We will be using Quora question answer dataset to serve as training data for our BART Paraphrasing Model.

We also have a couple of helper functions, one to load data, and one to clean unnecessary spaces in the training data. 

In [2]:
import warnings

import pandas as pd


def load_data(
    file_path, input_text_column, target_text_column, label_column, keep_label=1
):
    df = pd.read_csv(file_path, sep="\t", error_bad_lines=False)
    df = df.loc[df[label_column] == keep_label]
    df = df.rename(
        columns={input_text_column: "input_text", target_text_column: "target_text"}
    )
    df = df[["input_text", "target_text"]]
    df["prefix"] = "paraphrase"

    return df


def clean_unnecessary_spaces(out_string):
    if not isinstance(out_string, str):
        warnings.warn(f">>> {out_string} <<< is not a string.")
        out_string = str(out_string)
    out_string = (
        out_string.replace(" .", ".")
        .replace(" ?", "?")
        .replace(" !", "!")
        .replace(" ,", ",")
        .replace(" ' ", "'")
        .replace(" n't", "n't")
        .replace(" 'm", "'m")
        .replace(" 's", "'s")
        .replace(" 've", "'ve")
        .replace(" 're", "'re")
    )
    return out_string

First, we import all the necessary stuff and set up logging.

In [3]:
import os
from datetime import datetime
import logging

import pandas as pd
from sklearn.model_selection import train_test_split
from simpletransformers.seq2seq import Seq2SeqModel, Seq2SeqArgs



logging.basicConfig(level=logging.INFO)
transformers_logger = logging.getLogger("transformers")
transformers_logger.setLevel(logging.ERROR)

Next, we load the dataset

In [4]:
# Mount Google Drive to this Notebook instance.
from google.colab import drive
drive.mount('/content/drive')

Mounted at /content/drive


In [5]:
# Google Data
train_df = pd.read_csv("/content/drive/MyDrive/TSAI_data/paws_wiki_labeled/train.tsv", sep="\t").astype(str)
eval_df = pd.read_csv("/content/drive/MyDrive/TSAI_data/paws_wiki_labeled/dev.tsv", sep="\t").astype(str)

train_df = train_df.loc[train_df["label"] == "1"]
eval_df = eval_df.loc[eval_df["label"] == "1"]
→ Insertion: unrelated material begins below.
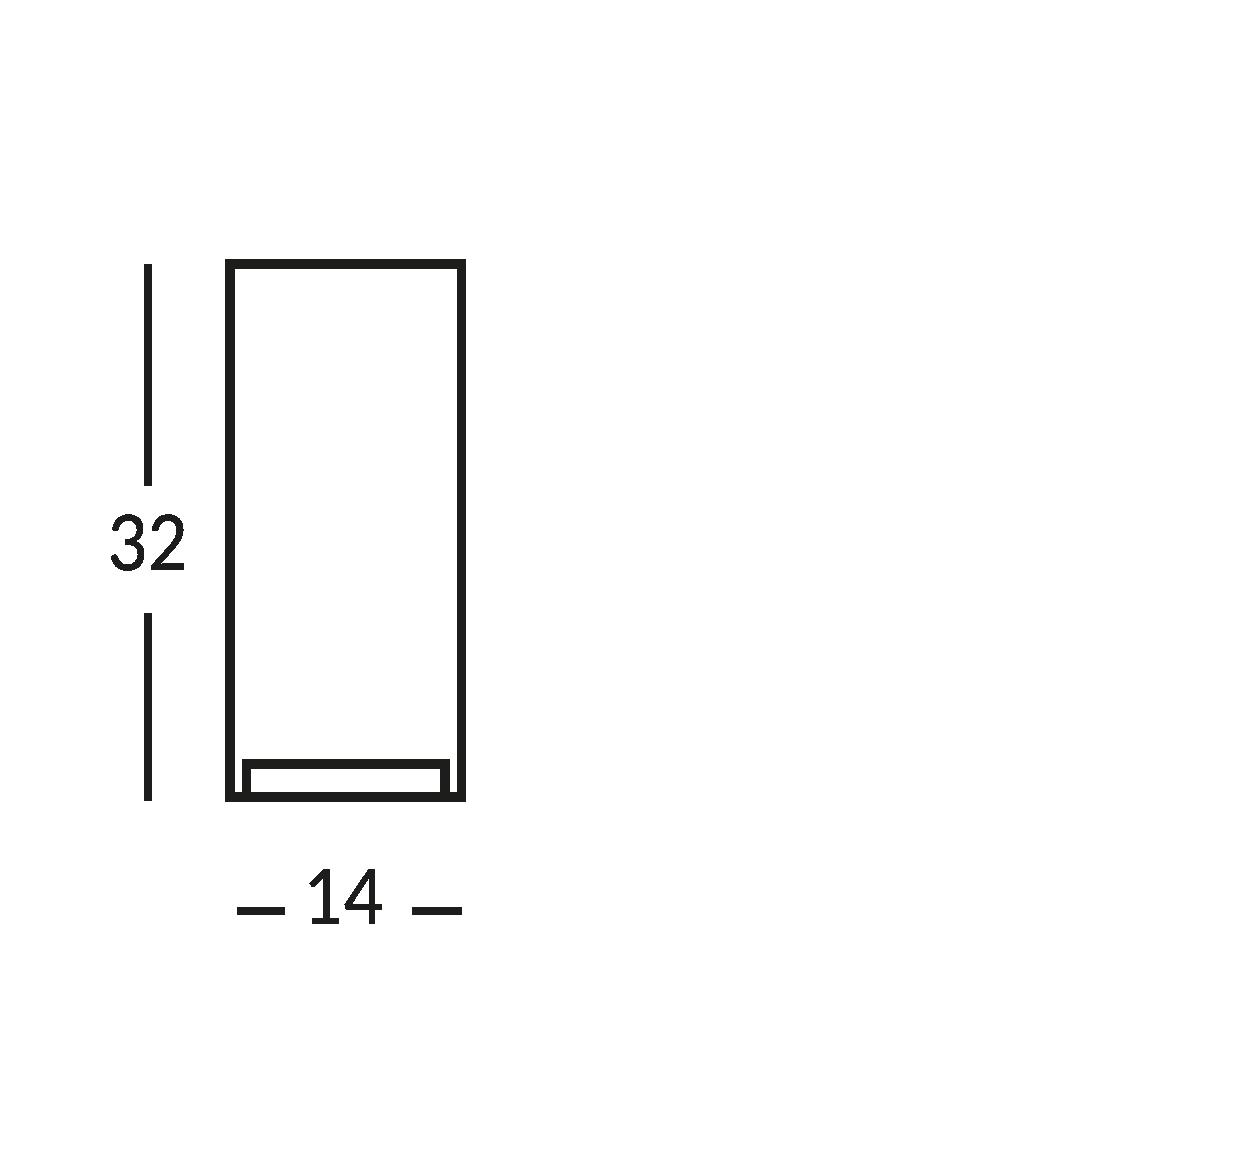 Señal impresa en cristal transparente. cm 14x32
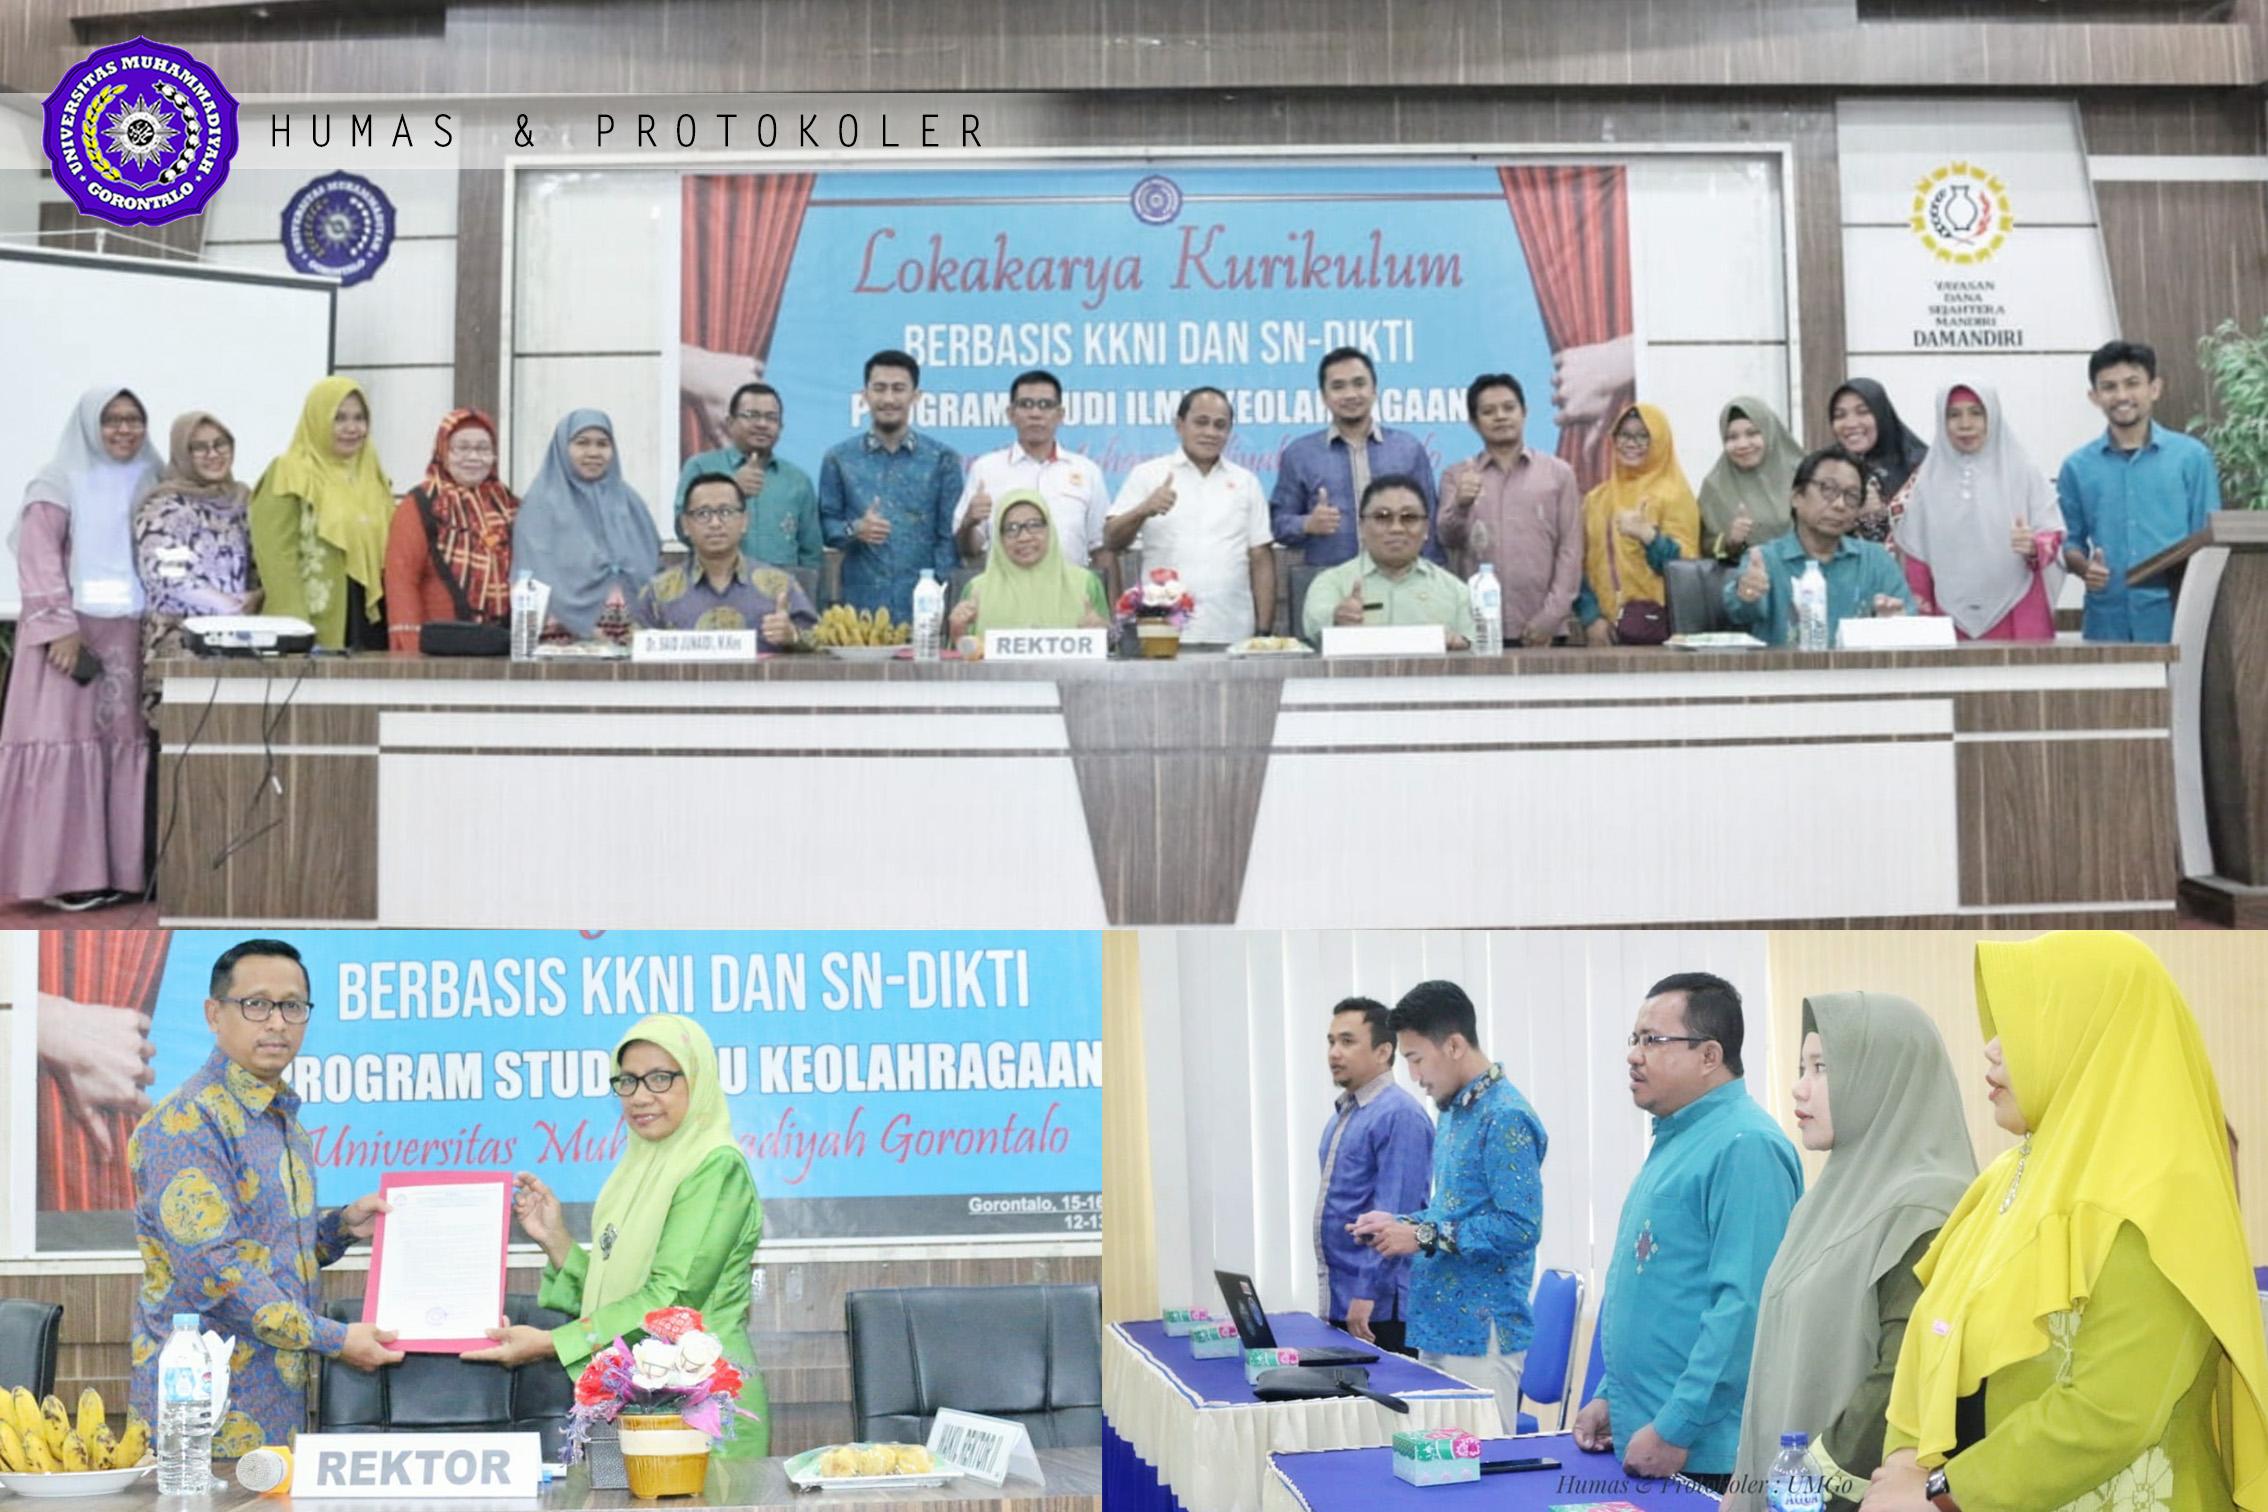 Lokakarya Kurikulum Berbasis KKNI-SN, Menuju Prodi Ilmu Keolahragaan

train_df = train_df.rename(
    columns={"sentence1": "input_text", "sentence2": "target_text"}
)
eval_df = eval_df.rename(
    columns={"sentence1": "input_text", "sentence2": "target_text"}
)

train_df = train_df[["input_text", "target_text"]]
eval_df = eval_df[["input_text", "target_text"]]

train_df["prefix"] = "paraphrase"
eval_df["prefix"] = "paraphrase"

# # MSRP Data
# train_df = pd.concat(
#     [
#         train_df,
#         load_data("data/msr_paraphrase_train.txt", "#1 String", "#2 String", "Quality"),
#     ]
# )
# eval_df = pd.concat(
#     [
#         eval_df,
#         load_data("data/msr_paraphrase_test.txt", "#1 String", "#2 String", "Quality"),
#     ]
# )

# # Quora Data

# # The Quora Dataset is not separated into train/test, so we do it manually the first time.
# df = load_data(
#     "data/quora_duplicate_questions.tsv", "question1", "question2", "is_duplicate"
# )
# q_train, q_test = train_test_split(df)

# q_train.to_csv("data/quora_train.tsv", sep="\t")
# q_test.to_csv("data/quora_test.tsv", sep="\t")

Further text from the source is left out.